March 15, 20269 min readAWSStorage

S3 is the closest thing to infinite, durable storage we have. It is also the closest thing to a footgun-shaped bucket of options. Five patterns separate teams that pay S3 attention quarterly from teams that pay it attention at 3am.

1. Multipart upload — for everything over 100 MiB

A single PUT over 5 GiB is impossible by spec; over 100 MiB it is brittle. Multipart splits the object into parts (5 MiB to 5 GiB each), uploads them in parallel, and assembles them server-side. The benefits are not just speed:

  • Parts retry independently. A flaky connection retries one 8 MiB part, not your 4 GiB file.
  • Throughput scales with concurrency. 30 parallel parts on a fast link saturates the pipe.
  • You can resume an interrupted upload by listing the parts already uploaded.
aws s3 cp ./backup.tar.gz s3://bucket/key \
  --expected-size 8589934592 \
  --cli-write-timeout 0

The SDKs do this transparently above a threshold. The gotcha: incomplete multipart uploads still cost money. If your job dies mid-upload, the parts stay in the bucket and accrue storage indefinitely. Add a lifecycle rule.

2. Lifecycle policies — set them on day one

Every bucket needs at minimum:

  1. Abort incomplete multipart uploads after 7 days. Cleans up the previous mess.
  2. Transition old objects to a cheaper tier. S3 Standard → Standard-IA at 30 days, Standard-IA → Glacier Instant at 90 days for logs/backups.
  3. Expire ancient objects if regulation allows. Or transition to Glacier Deep Archive at a year.

Lifecycle is free. Skipping it costs real money over years.

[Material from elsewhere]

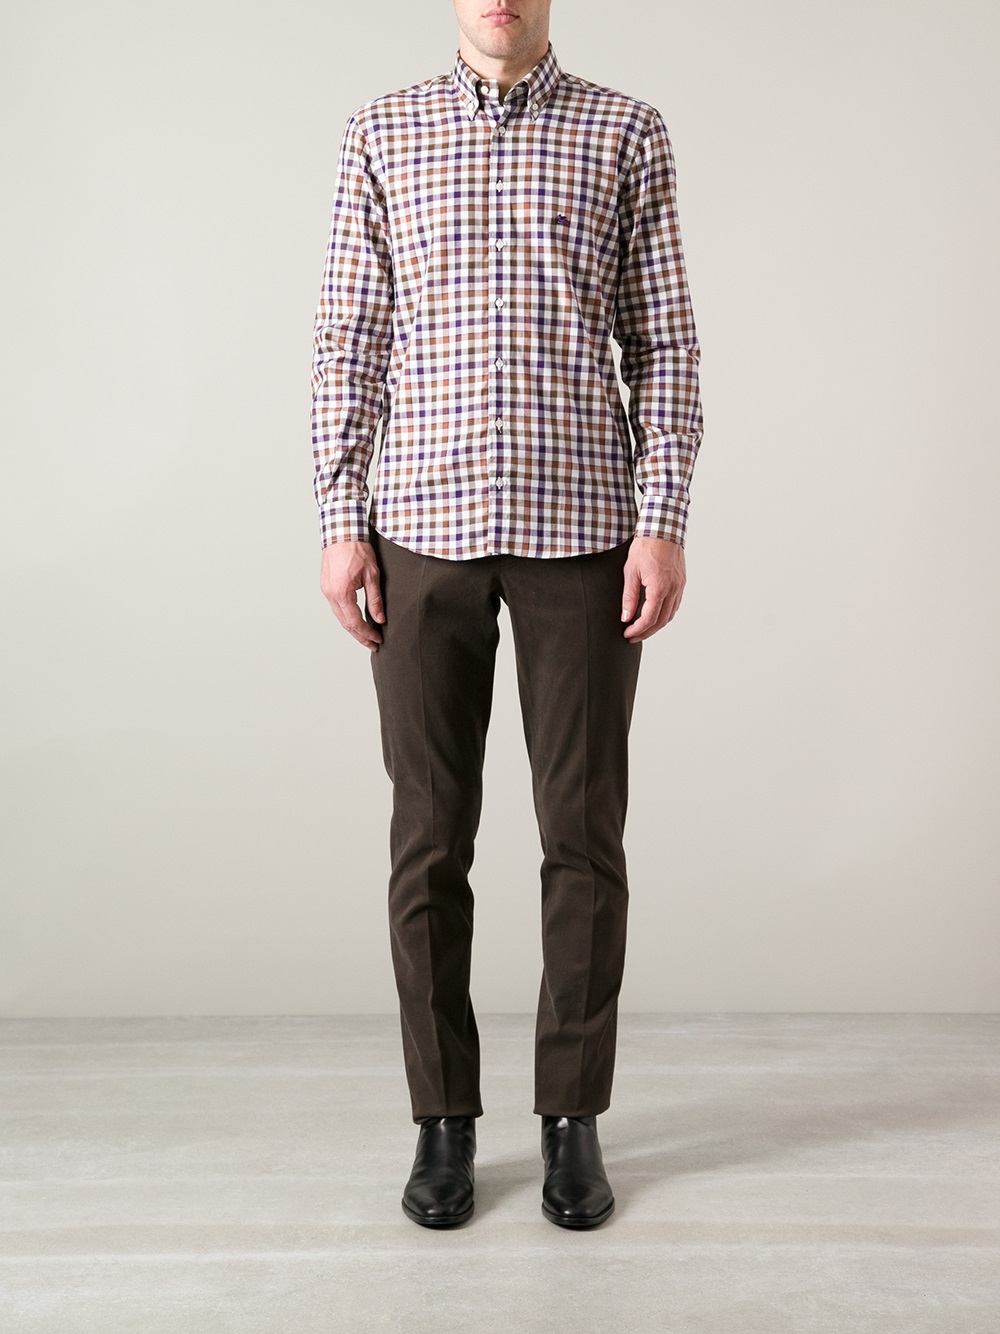 Etro Checked Dress Shirt in Brown for Men - Lyst
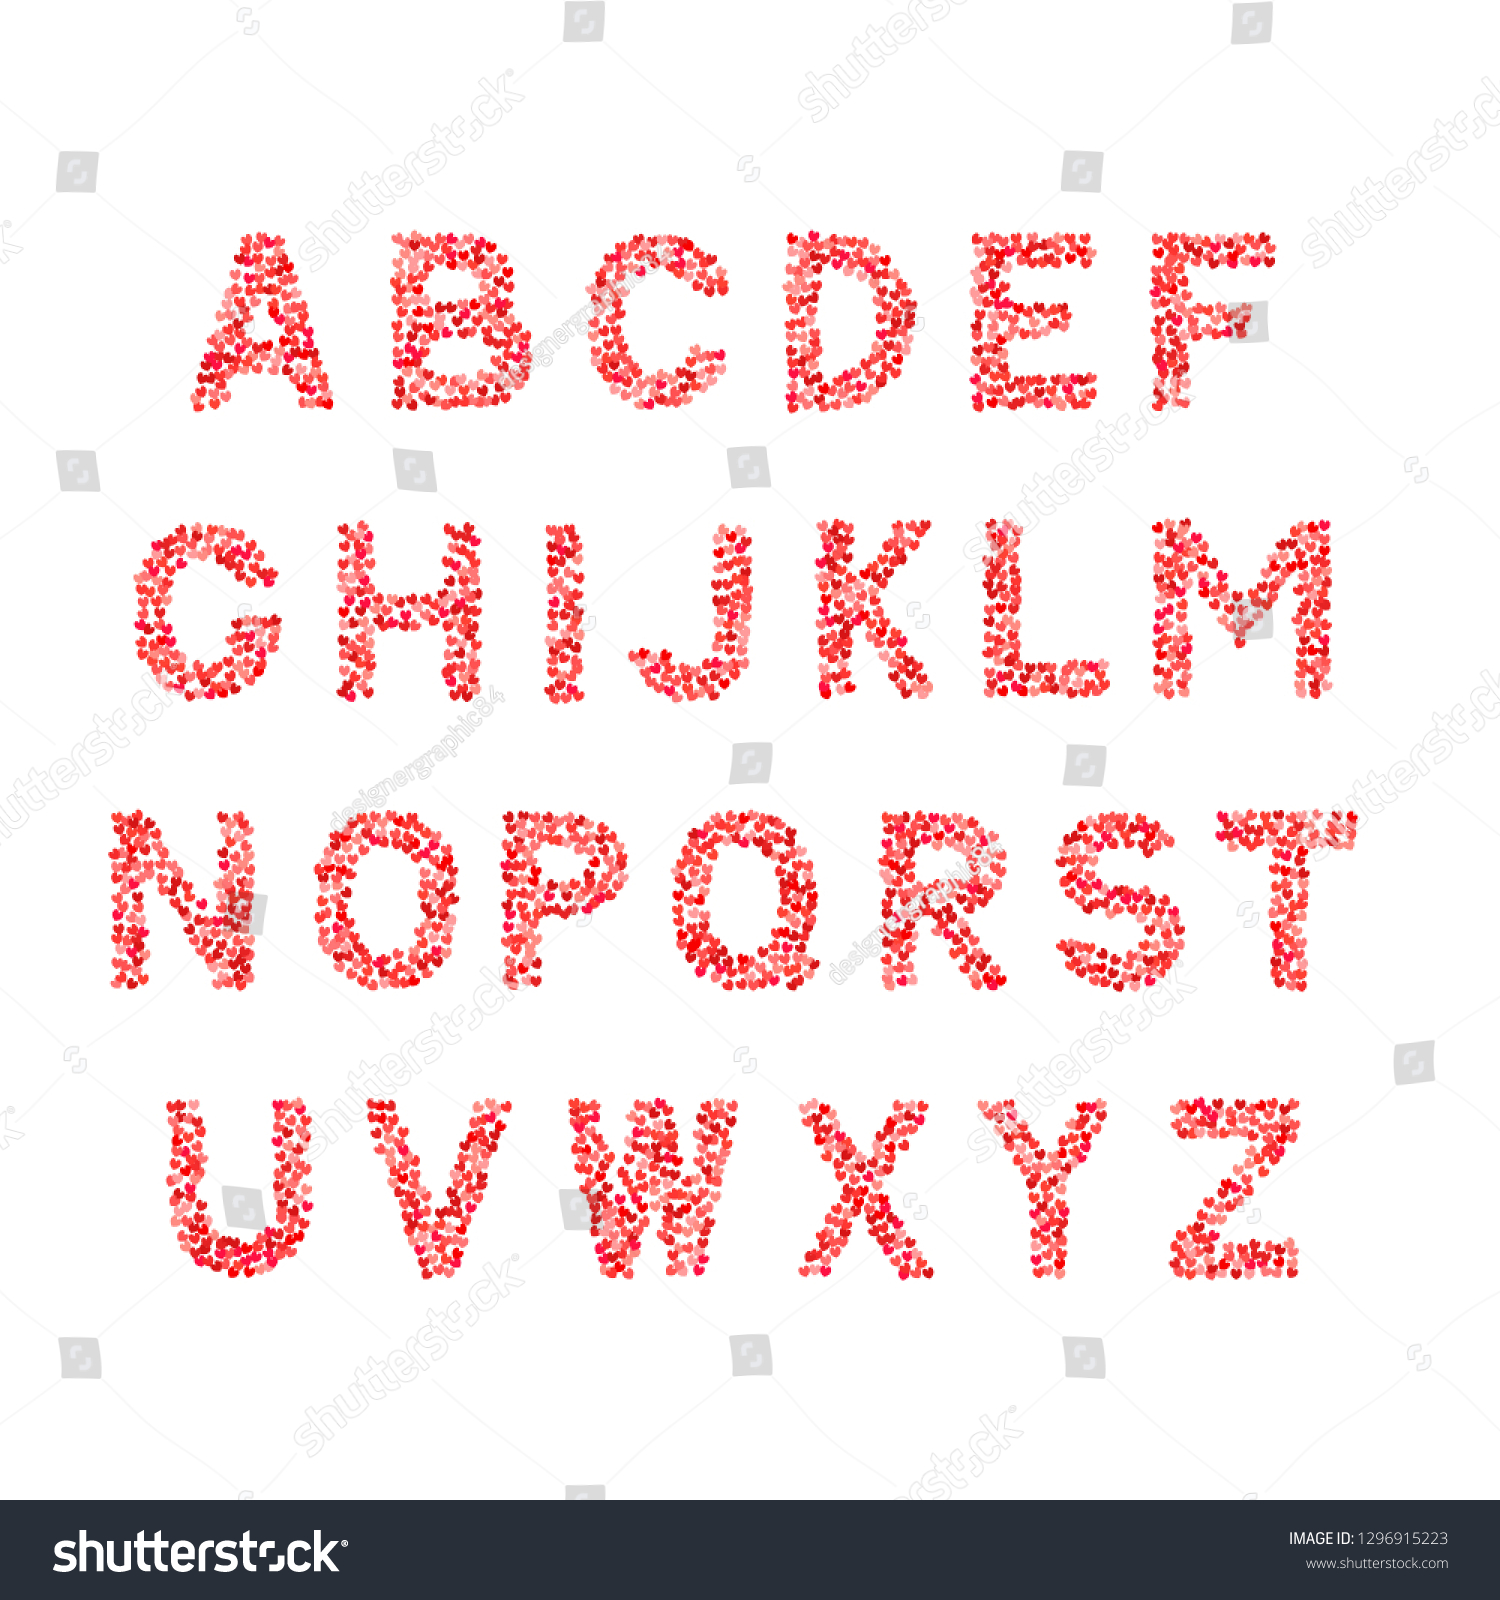 Vector alphabet. Letters A-Z made of hearts - Royalty Free Stock Vector ...

3. Versioning — useful, expensive if mishandled

With versioning on, deleting an object writes a delete marker; the previous versions are retained. Great for accidental-delete recovery. Without a lifecycle policy to expire old versions, you keep paying for every version of every object that has ever existed.

{
  "Rules": [{
    "ID": "expire-old-versions",
    "Status": "Enabled",
    "NoncurrentVersionExpiration": { "NoncurrentDays": 30 }
  }]
}

This is the single most common "why is my S3 bill 5× last quarter" cause. Versioned bucket, no expiry, somebody loops a job that rewrites a million objects daily — every one of those rewrites silently retains the previous version forever.

4. Strong consistency is real now (since 2020)

S3 used to be eventually consistent on overwrites. It is now read-after-write strongly consistent for new objects and overwrites. You no longer need DynamoDB-backed indexing libraries for "did my write land yet" — the write is visible immediately to anyone who can read.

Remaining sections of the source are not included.